Carmen Velacoracho de Lara (1880s–1960) was a Spanish-Cuban writer, journalist, feminist, monarchist, and women's rights activist. She was co-author of El libro amarillo (The yellow book), a pro-feminist manifesto published in Cuba in the early 20th century, which she drafted along with her husband, landowner Pío Fernández de Lara Zalda.

With Digna Collazo, she founded the Feminist Party in 1918, as well as the women's organization Aspiraciones (Aspirations) in Cuba at the beginning of the 20th century. She also was director of various women's publications, including the newspaper Aspiraciones (which she founded in 1912) and the magazines Realidades, La voz de la mujer, and Revista Protectora de la Mujer. Besides these she was editor-in-chief of Mujeres Españolas, a magazine founded in 1929.
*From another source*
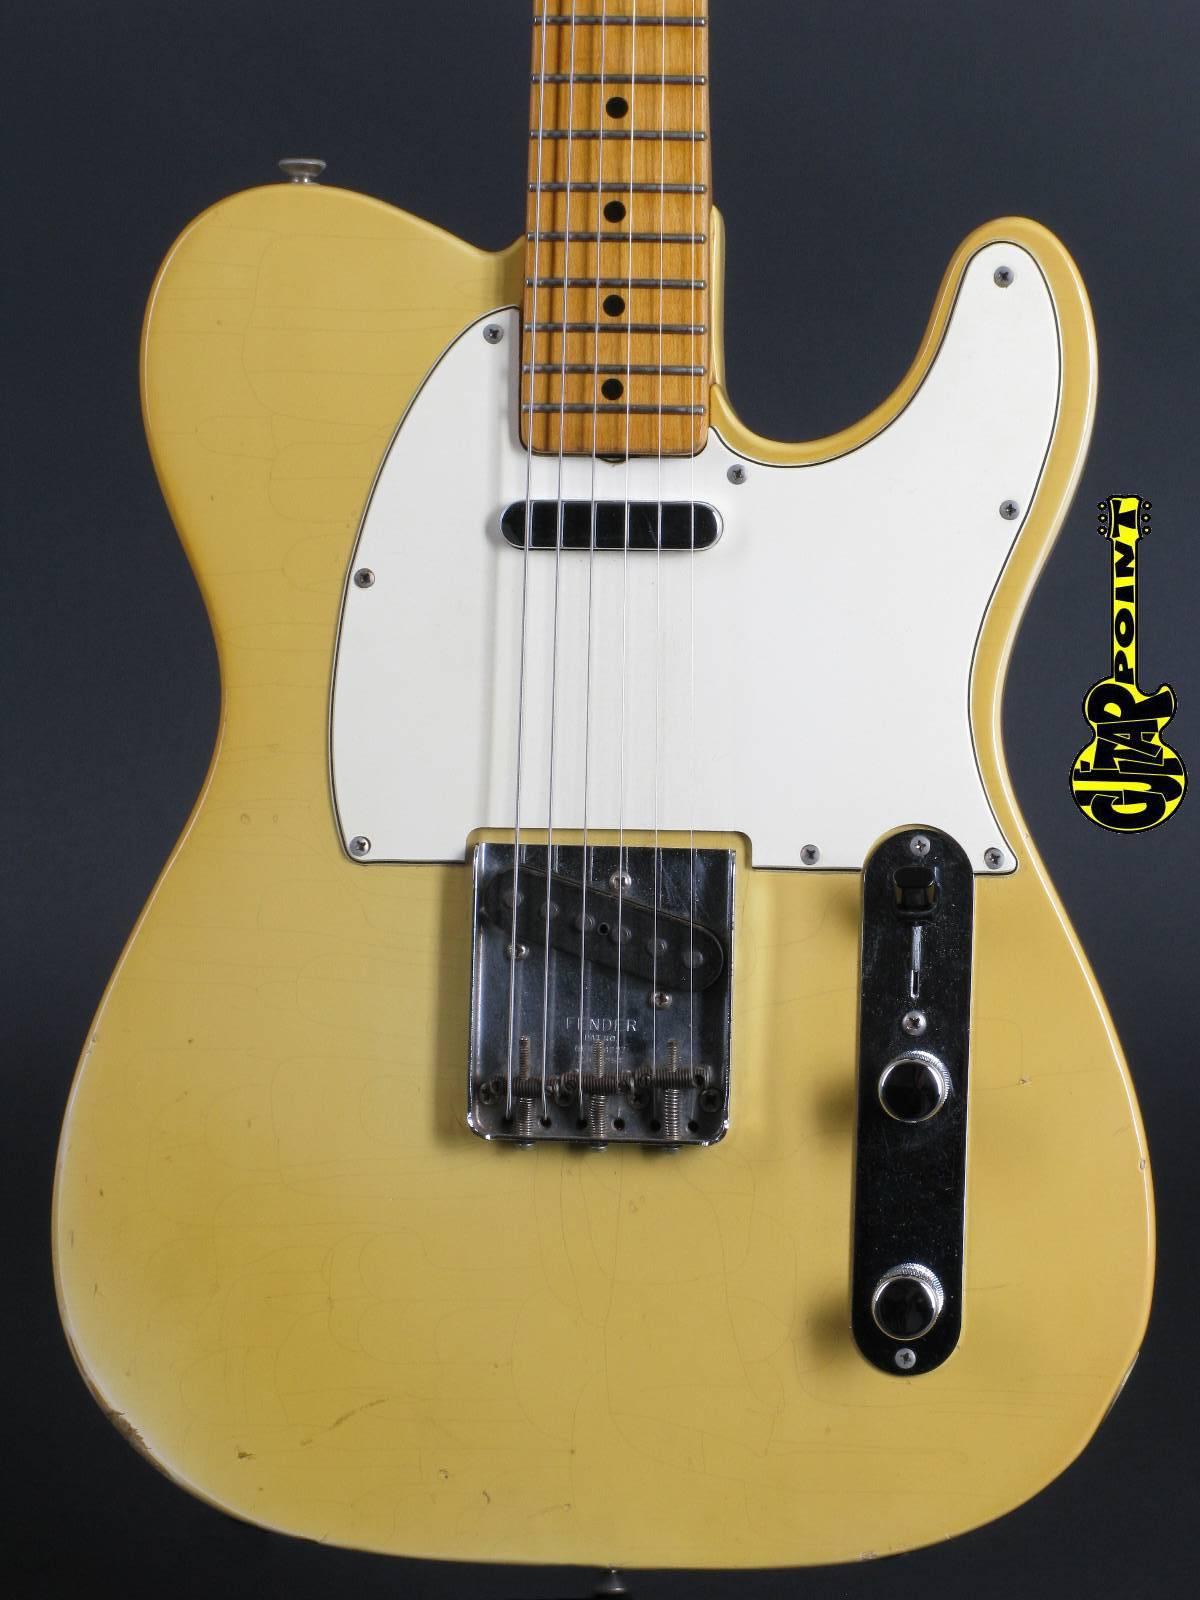 1966 Fender Telecaster - Blond (Maple-cap!)

During the 1920s Velacoracho left Cuba for a time to live in the United States.

1928 saw the Havana premiere of El descubrimiento de América (The discovery of America), a film she had directed. It received a prize at the first Spanish Congress of Cinematography in Madrid the same year.

In 1931, together with her daughter, she joined Popular Action, and in 1932 she began the publication of Aspiraciones in Spain, under their joint direction. She spent some time in jail for having sympathized with the Sanjurjada coup.

Velacoracho was an active antisemitic propagandist during the Second Republic, and in the early years of Francoist Spain she also published antisemitic and anti-American tirades, even claiming that the Jews controlled the United States. However this conspiracy theory did not make a large impression on the bulk of Falangists.

During World War II, her open antisemitism led her to become a Nazi sympathizer. She wrote two biographies of Adolf Hitler, whom she characterized as a champion of Christianity.

She died in Madrid in 1960.

==Works==
- Dos hombres: Mussolini y Hitler (Madrid, Editora Aspiraciones, 1943)
- Un caudillo (Madrid: Imprenta Europa, 1943)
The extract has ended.